In this process of liquidation of Dick Smith brand, Deloitte has played an imperative role as an accounts auditor. The company claims that its annual reports of 2015 were based on true and fair view statement which was compiled by the accounting standards. On the other hand, there was no information provided related to the future events and upcoming planning of the company. Substantially, after three days of all the statement shown in the annual reports subsidiaries holdings and perpetual limited were being ceased (Boyd, 2016). Not only this, National Australian Bank and HSBC Bank of Australia with major shareholders AMP were being ceased from shareholders in Dick Smith Holdings. Thus, suspicion over the auditors and top level management was considered strong and opportune. The company that claimed to be clean and with a true and fair view of books had recorded $338,000, for the audit service of $103,927.

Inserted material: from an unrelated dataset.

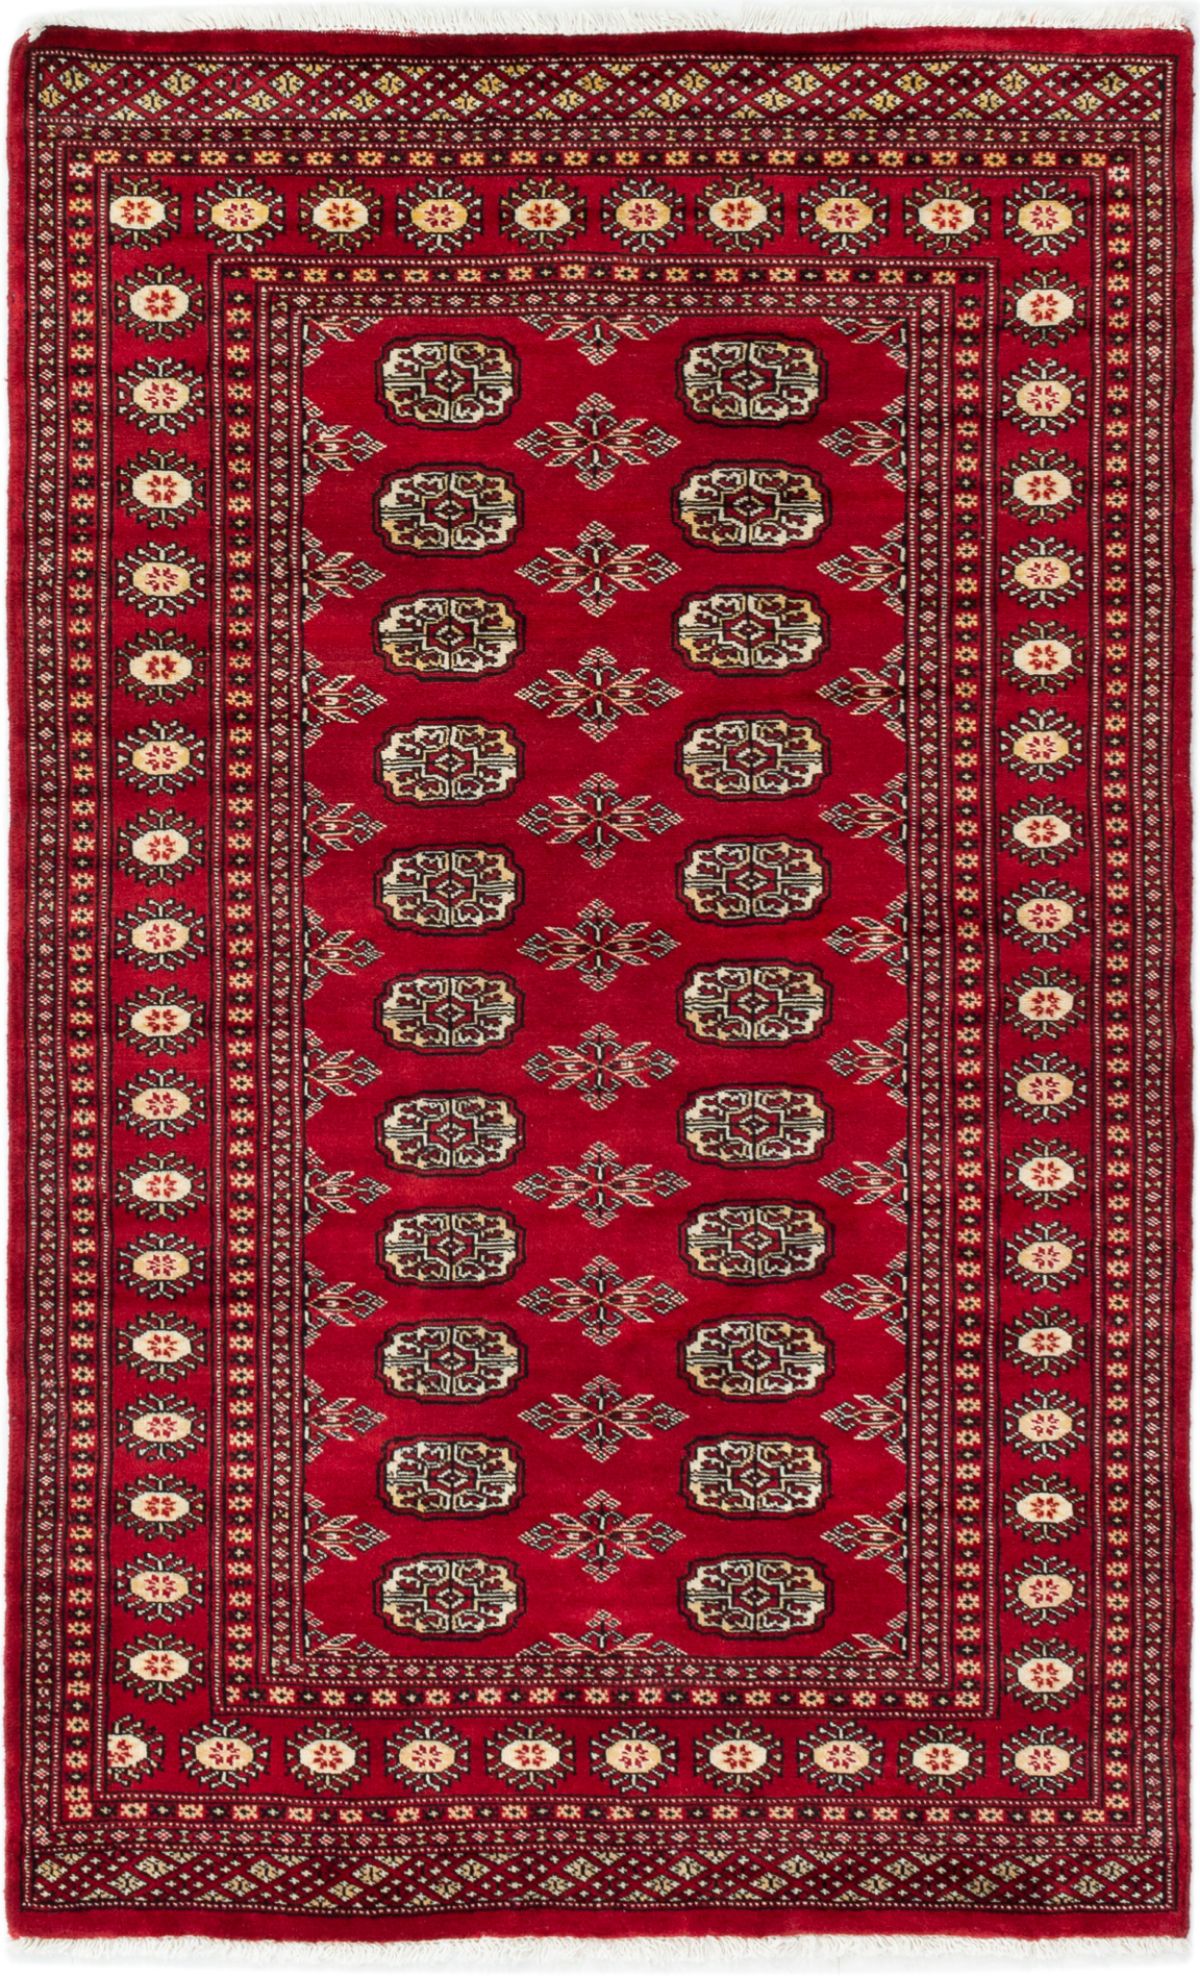 Hand-knotted Finest Peshawar Bokhara Red Wool Rug 3'10" x 6'4" Size: 3'10" x 6'4"  
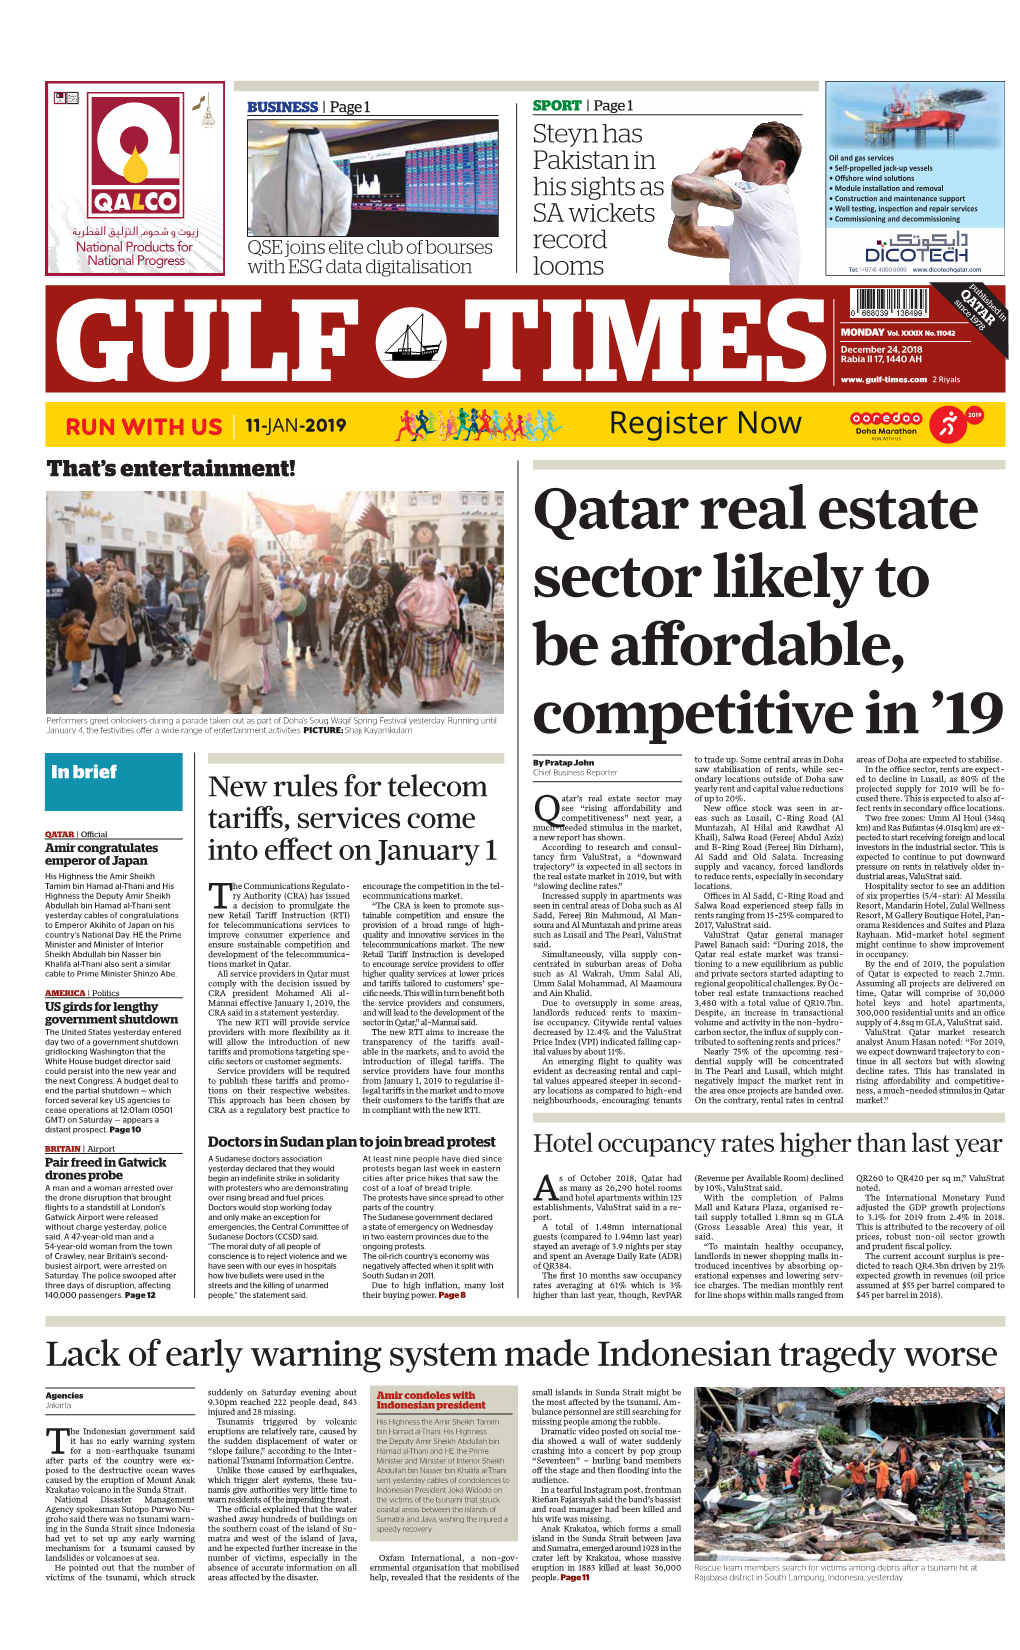 Qatar Real Estate Sector Likely to Be Affordable, Competitive In

From the above discussion, it can be inferred that Dick Smith Holding case has many folds that provides a clear view on the poor inventory management and some misrepresentation of financial accounting values that led the company’s dissolution in 2015. The company has a doubtful case even after, liquidation with the present owner of the company that is Kagon.com which has an online retailing in technology. It has been absorbed that company suddenly hyped its share prices within a year to $520 million from $115 million only in ASX. Poor inventory management and creating loans and borrowing as well as writing of assets with huge amount, unhinged the position of the company. In addition to this, it has also been concluded that as a profit earning organisation Anchorage capital partner cut off the assets to show profit to its shareholders. Top level management and auditors of the company were also involved in the misrepresentation of the figures as per their statement in the annual reports. Therefore, it can be said that Dick smith case was focused on the poor inventory management and misrepresentation of facts that led to the liquidation of the company.